The data below is to be transcribed word for word; pictures are to be excluded.

COLLECTED DATA >>
=====

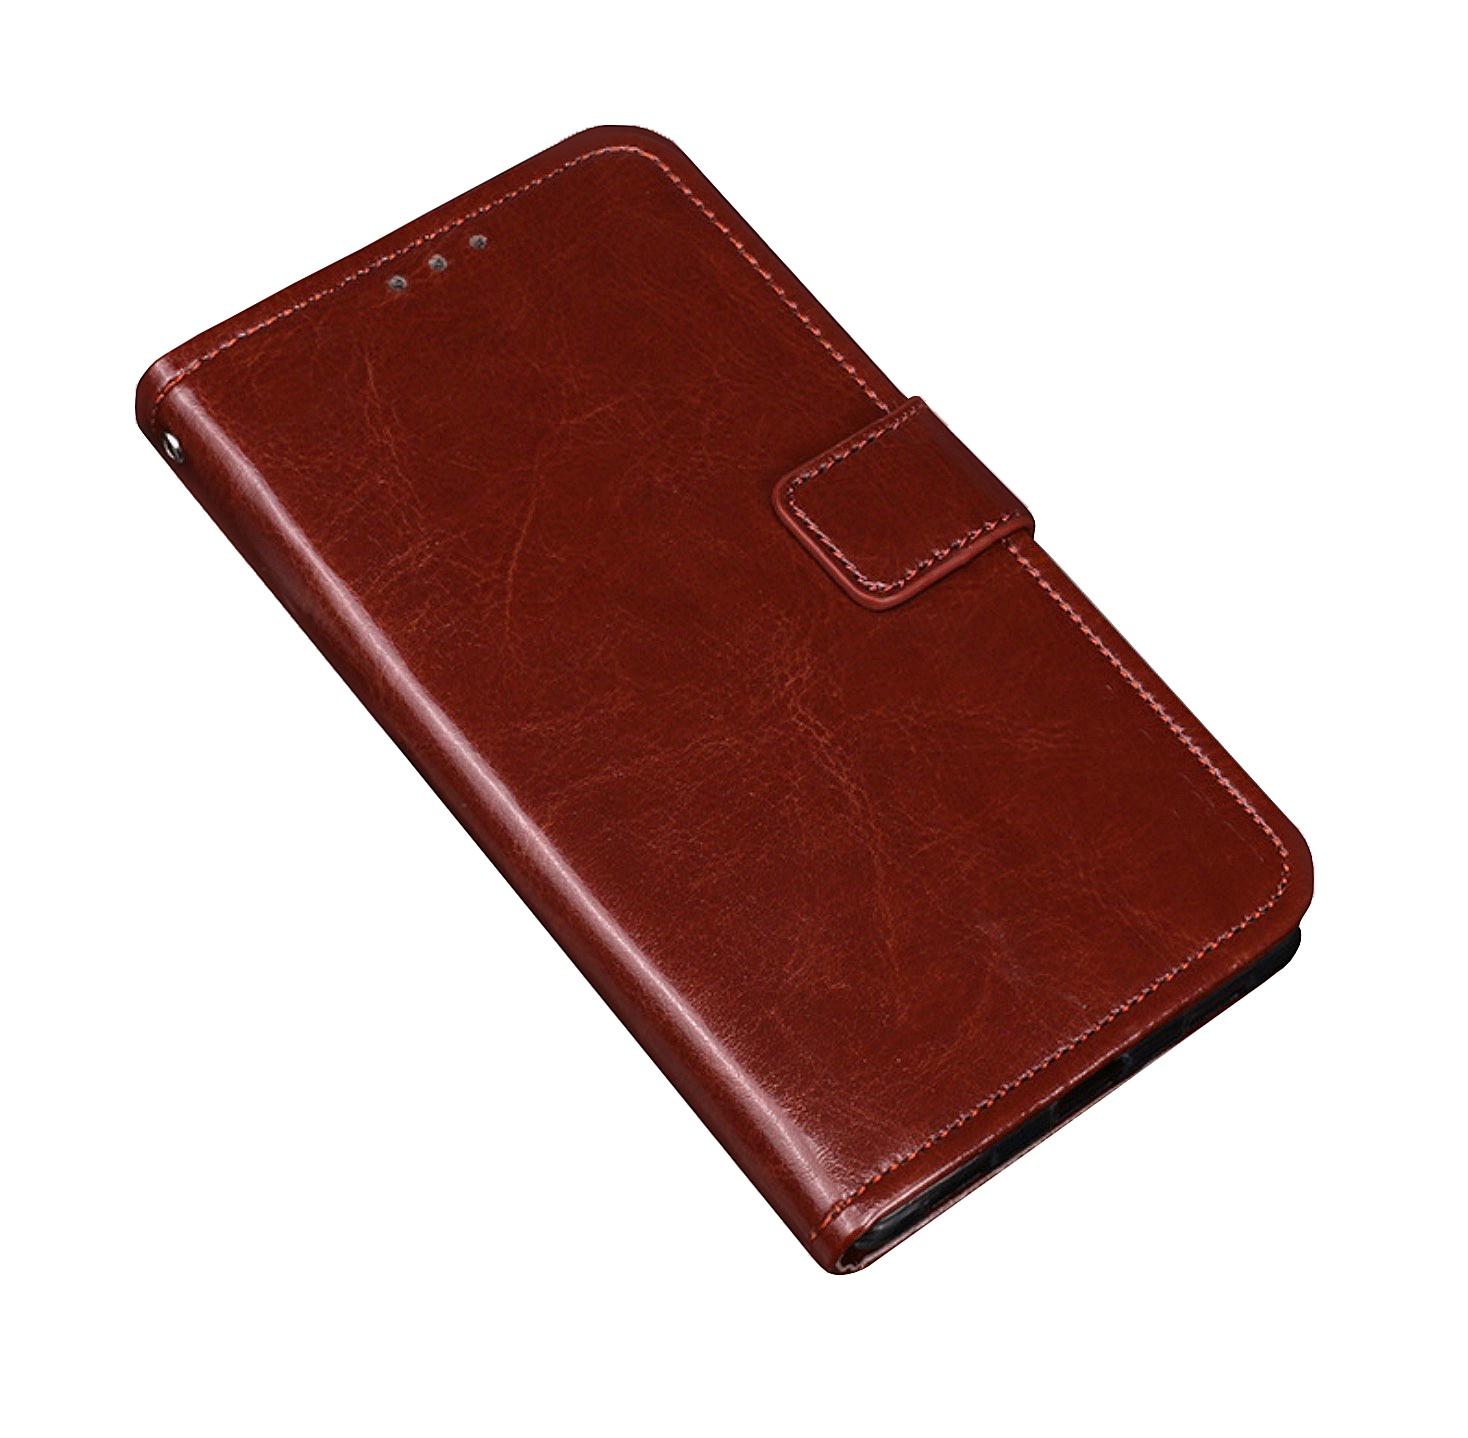 Чехол-книжка MyPads для Samsung Galaxy Grand 2 SM-G7102/G7105 с мульти-подставкой застёжкой и визитницей коричневый
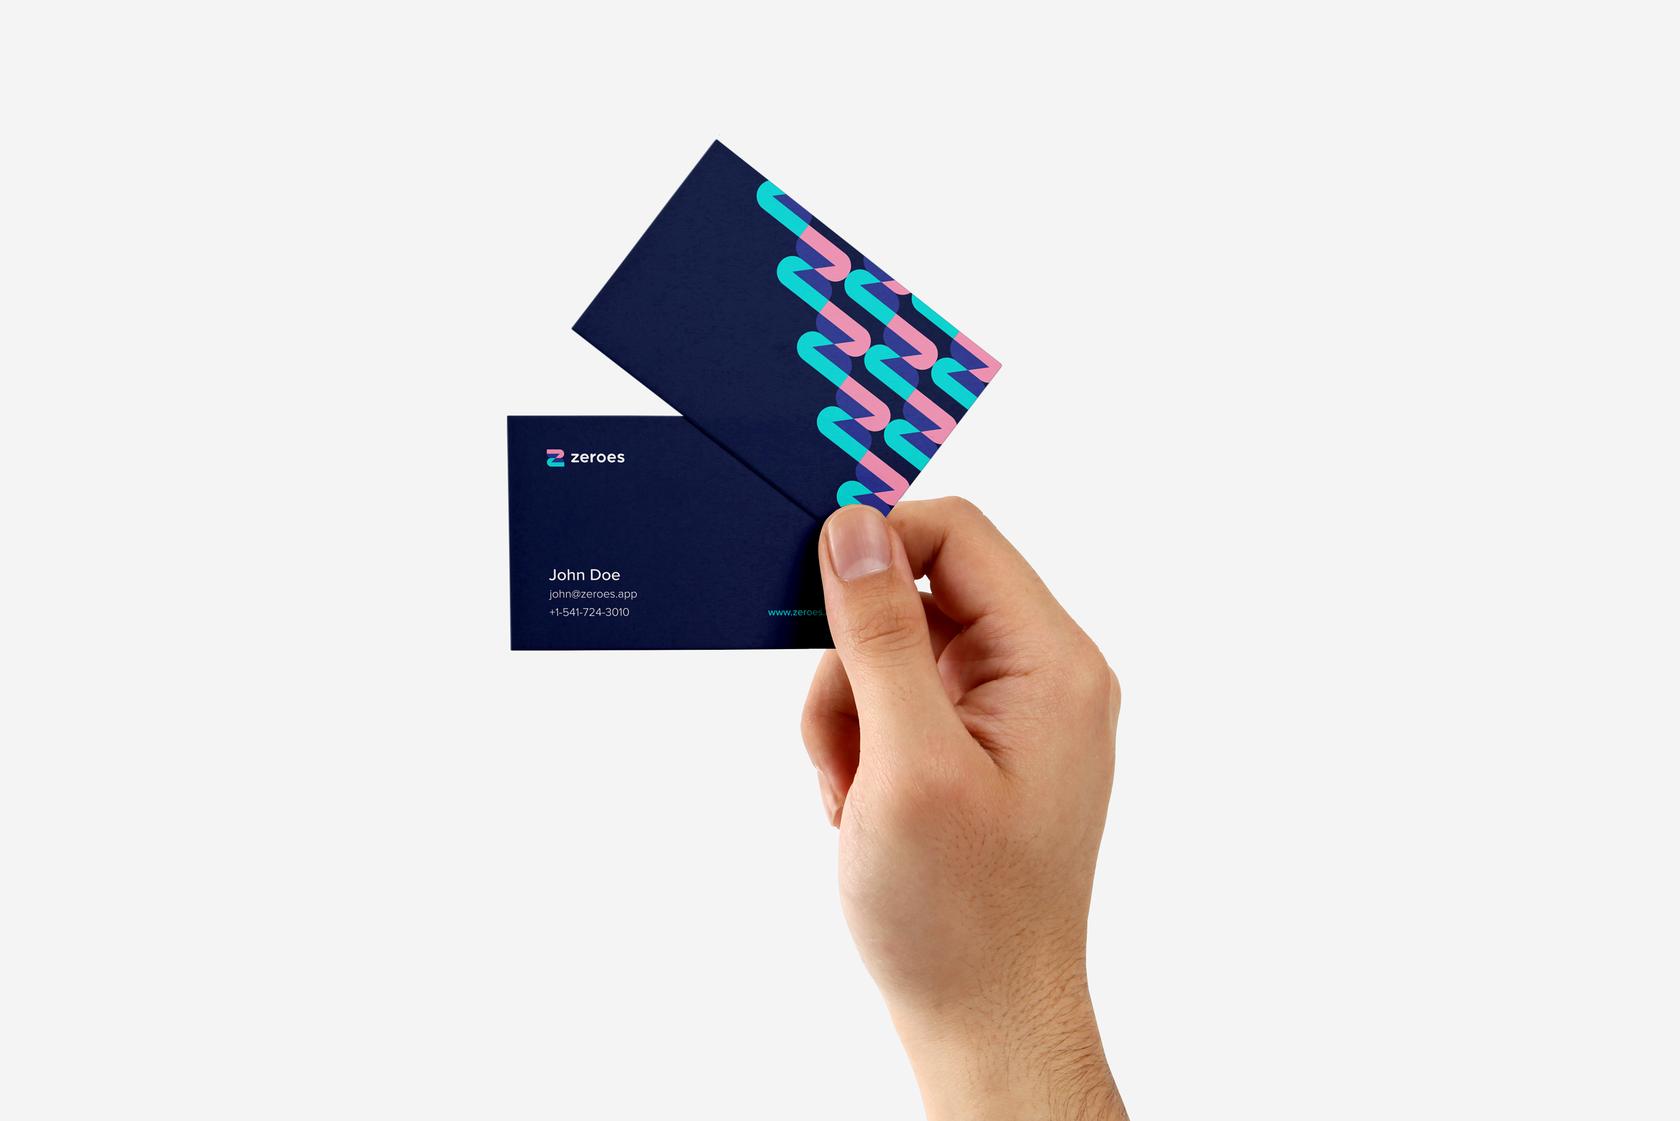 Fintech business cards design
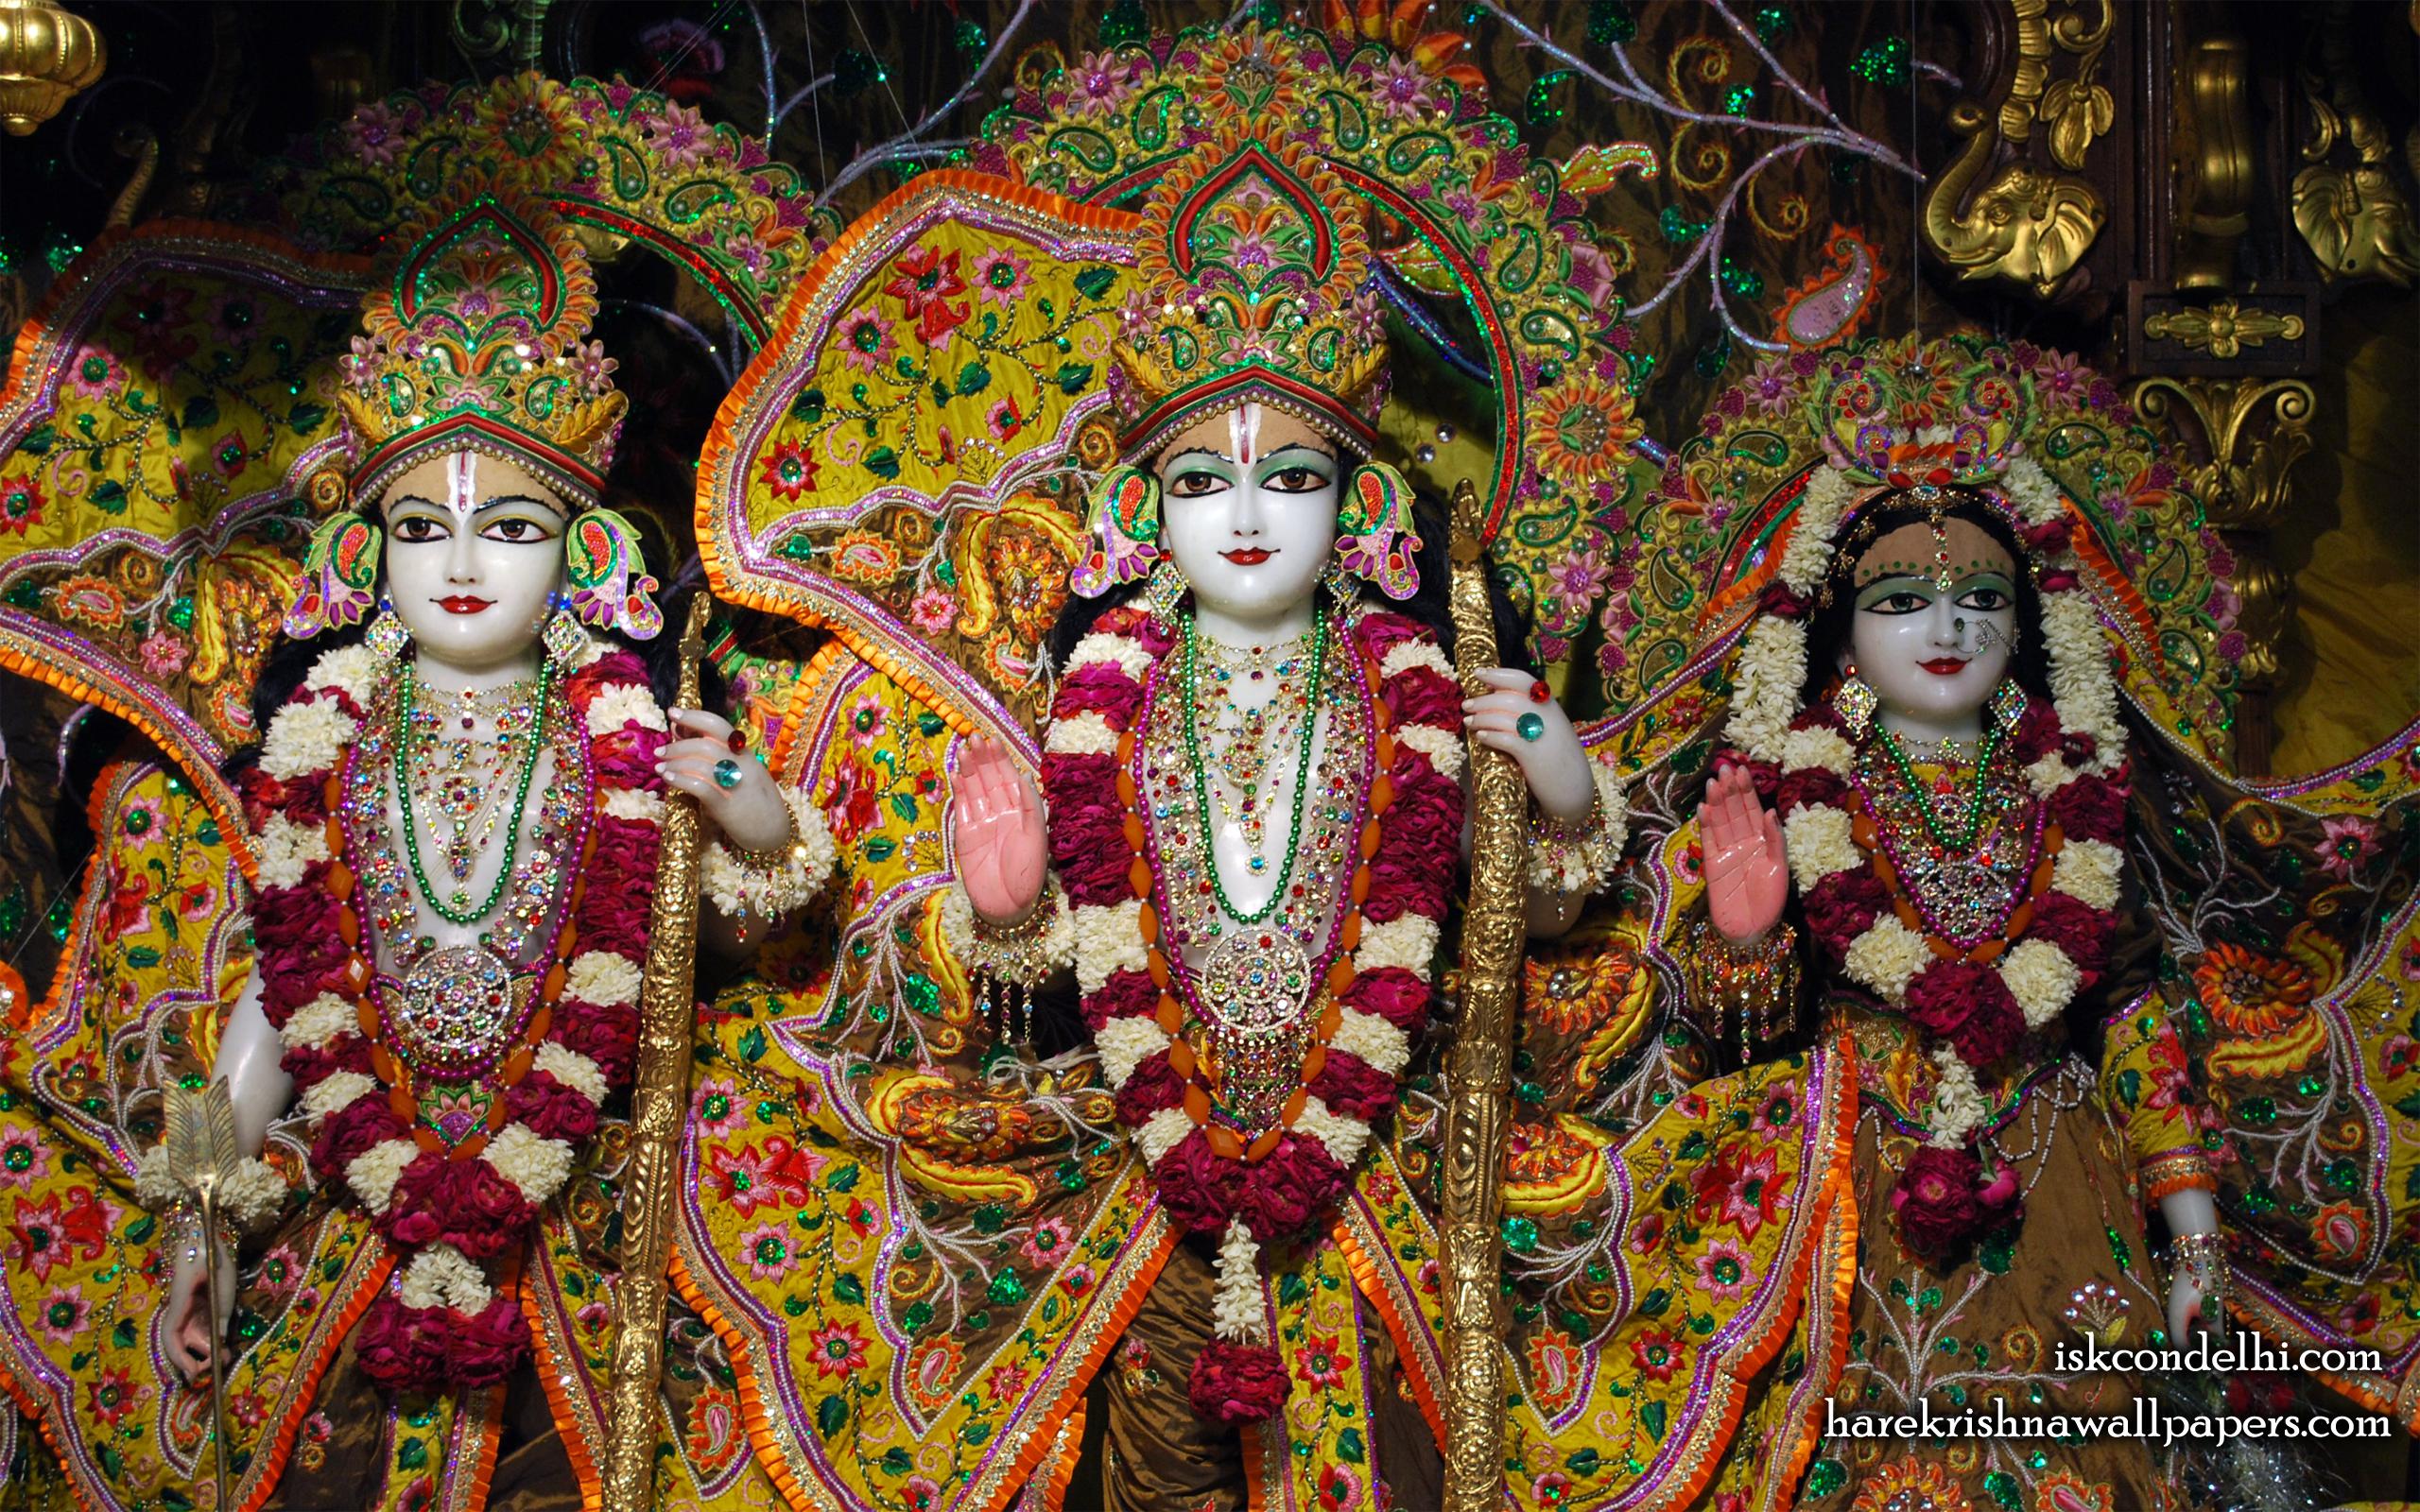 Sri Sri Sita Rama Laxman Wallpaper (003) Size 2560x1600 Download
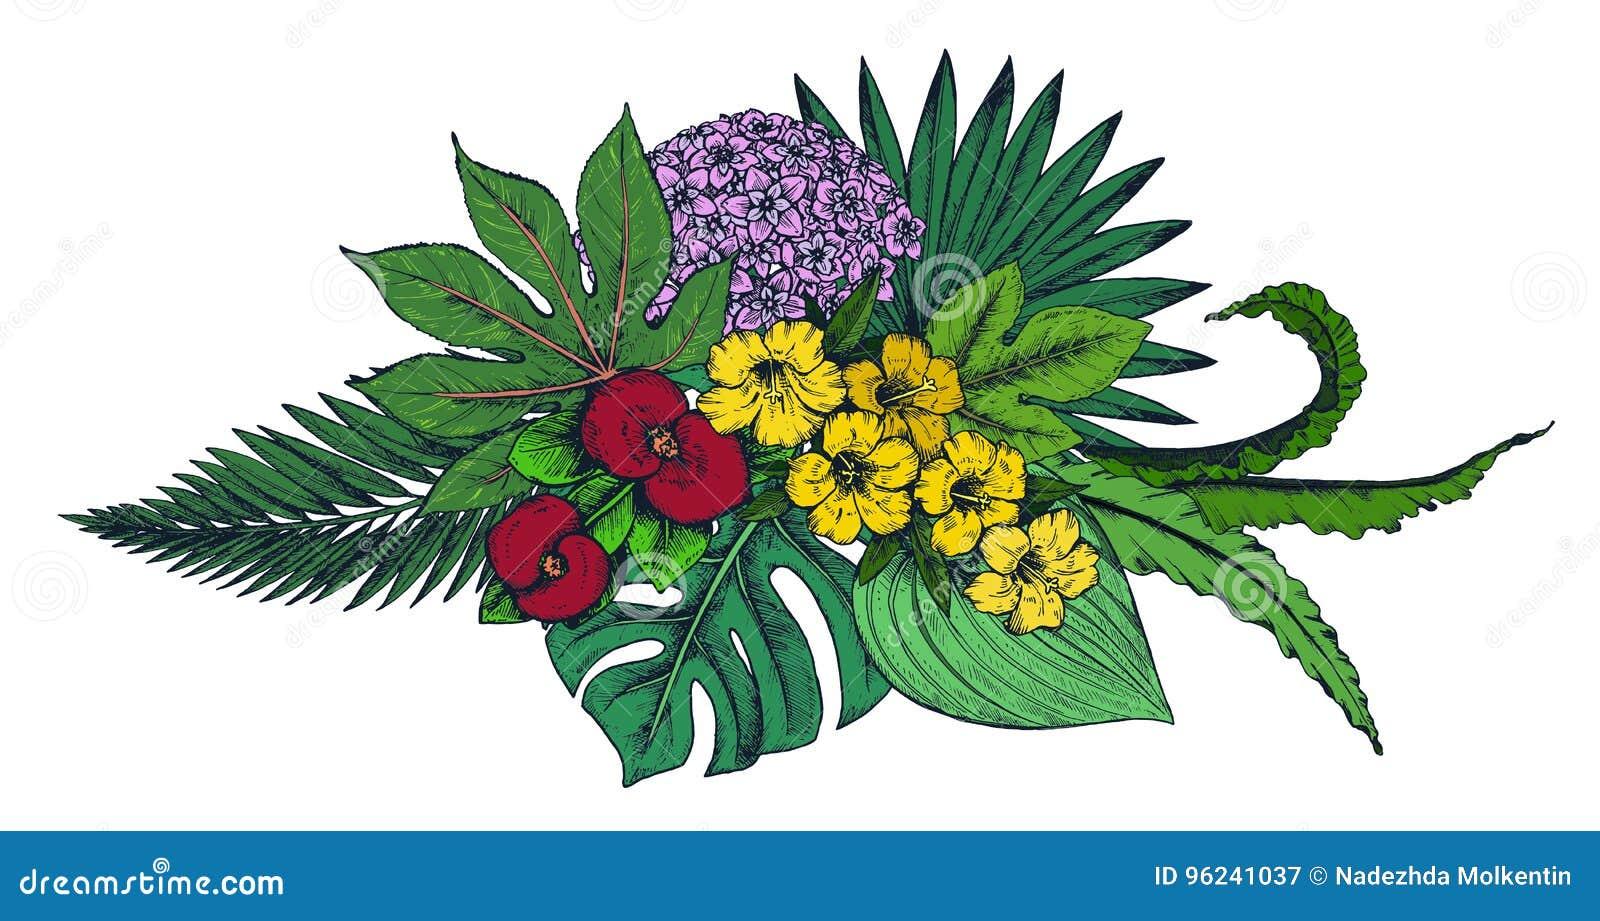 Mazzo Di Fiori Vector.Vector La Composizione Dei Fiori Tropicali Disegnati A Mano Le

=====

SOLUTION FOR THIS EXERCISE >>
 Чехол-книжка MyPads для Samsung Galaxy Grand 2 SM-G7102/G7105 с мульти-подставкой застёжкой и визитницей коричневый
 Fintech business cards design
 Sri Sri Sita Rama Laxman Wallpaper (003) Size 2560x1600 Download
 Mazzo Di Fiori Vector.Vector La Composizione Dei Fiori Tropicali Disegnati A Mano Le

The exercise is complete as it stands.